● DATA SHOWN:

____

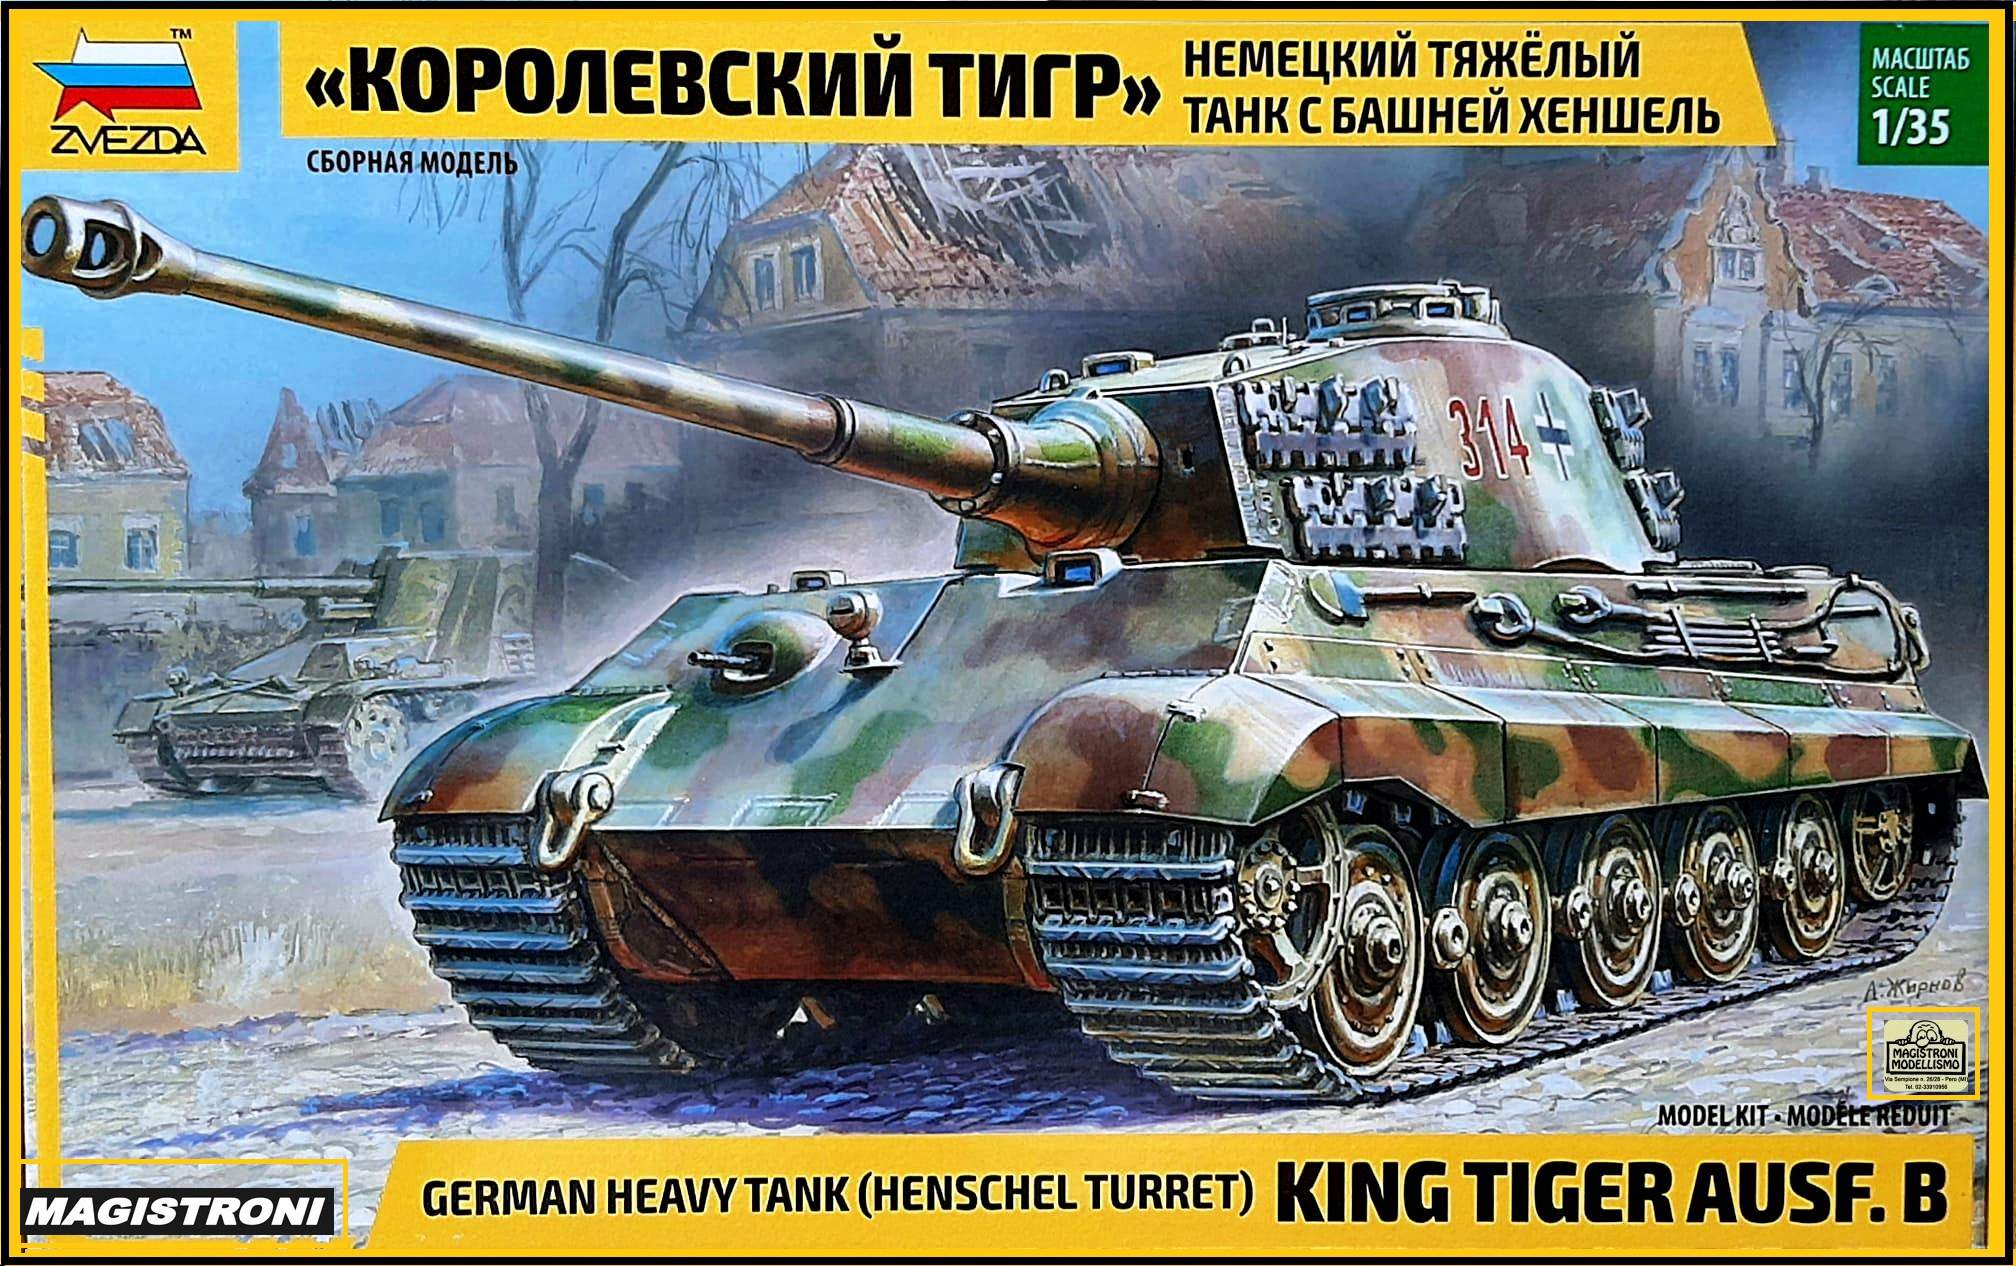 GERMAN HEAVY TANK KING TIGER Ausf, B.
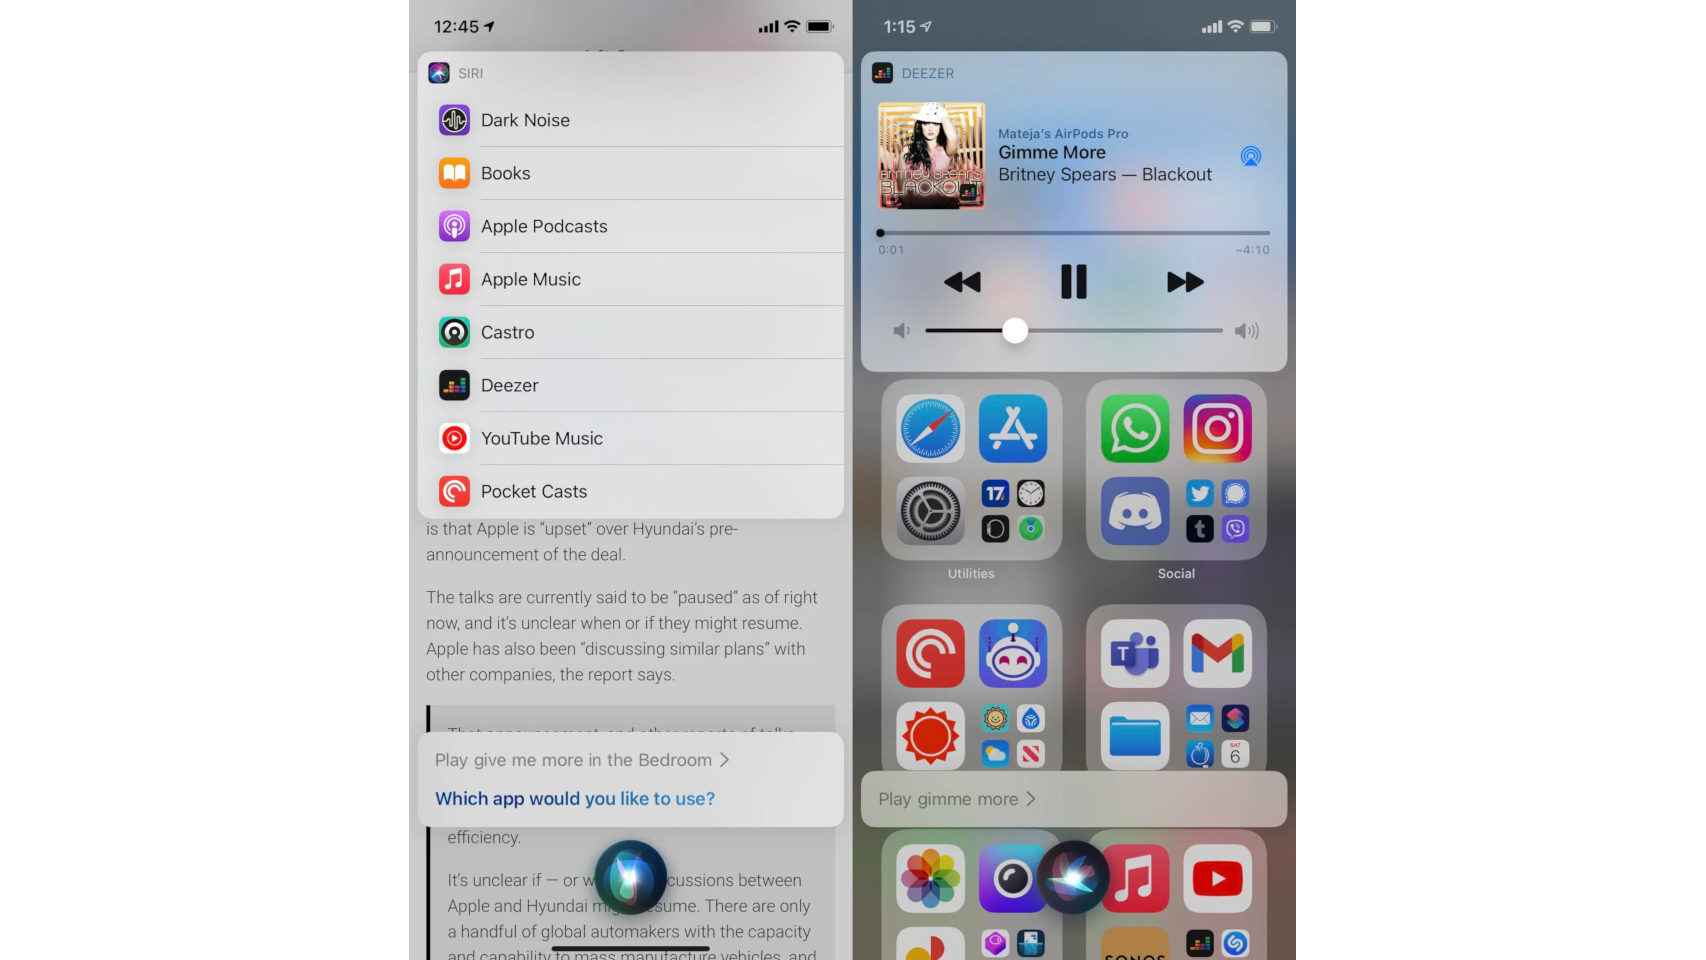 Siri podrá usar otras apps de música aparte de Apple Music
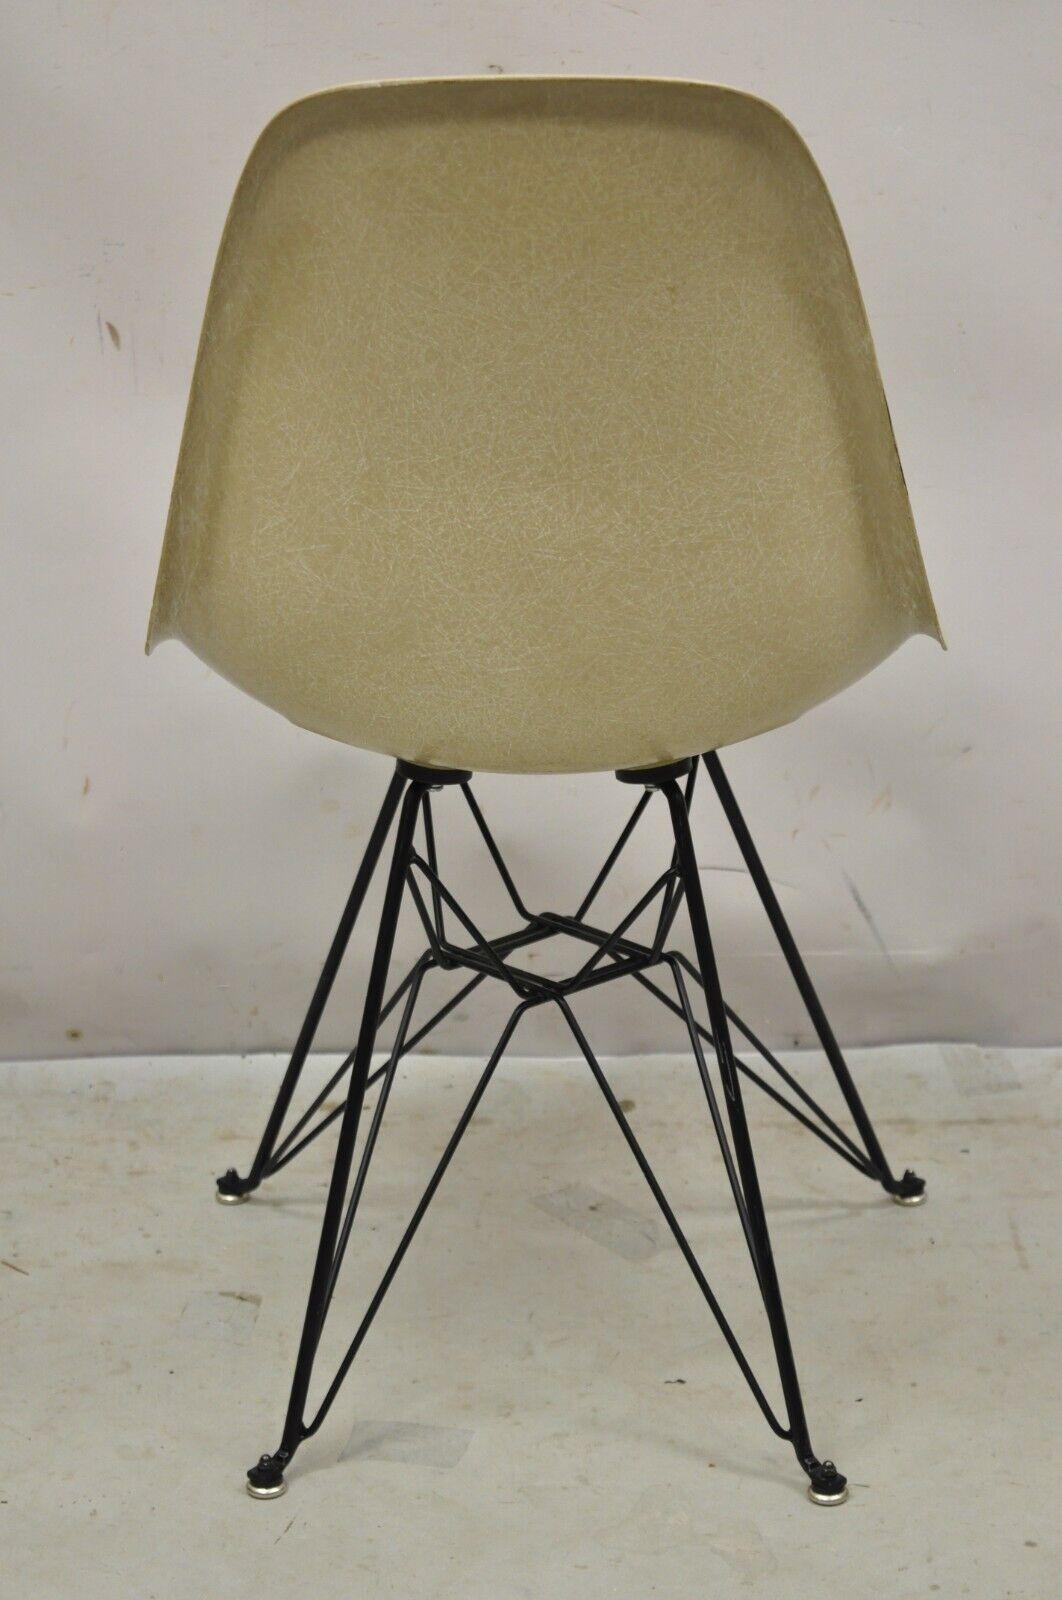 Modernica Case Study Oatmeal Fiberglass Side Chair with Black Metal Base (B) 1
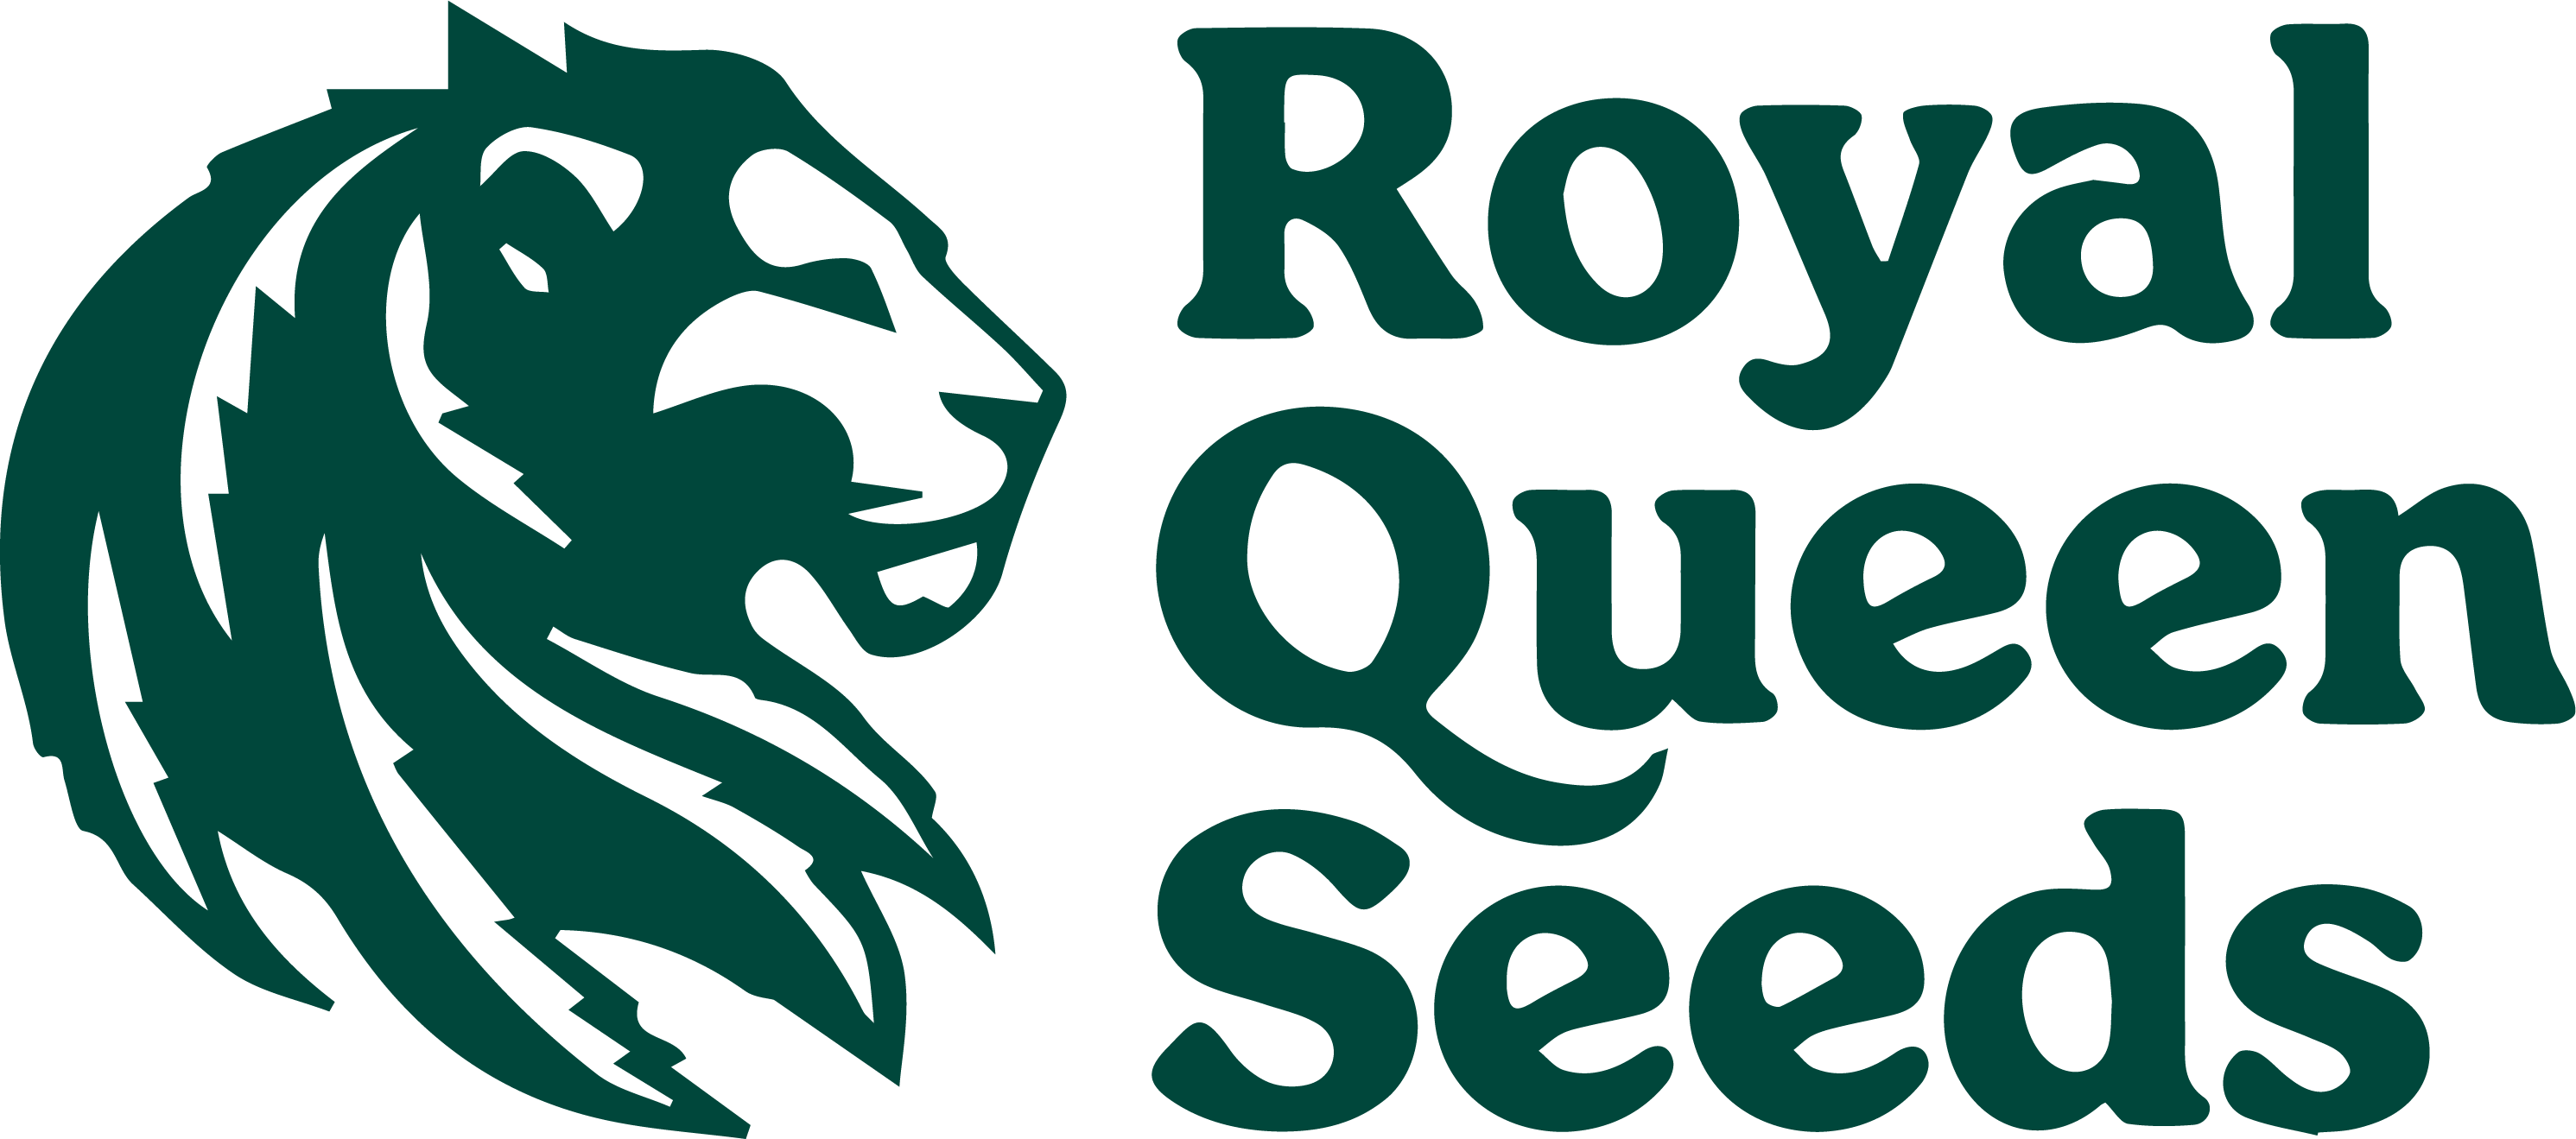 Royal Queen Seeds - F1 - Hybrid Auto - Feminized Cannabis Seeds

____

● WHAT IS BEING ASKED: Your task is to repeat exactly the lines from the one containing "Siri podrá usar" through the end of the material, both included, and only those, without pictures.

● SOLUTION TO THIS PROBLEM:
 Siri podrá usar otras apps de música aparte de Apple Music
 Modernica Case Study Oatmeal Fiberglass Side Chair with Black Metal Base (B) 1
 Royal Queen Seeds - F1 - Hybrid Auto - Feminized Cannabis Seeds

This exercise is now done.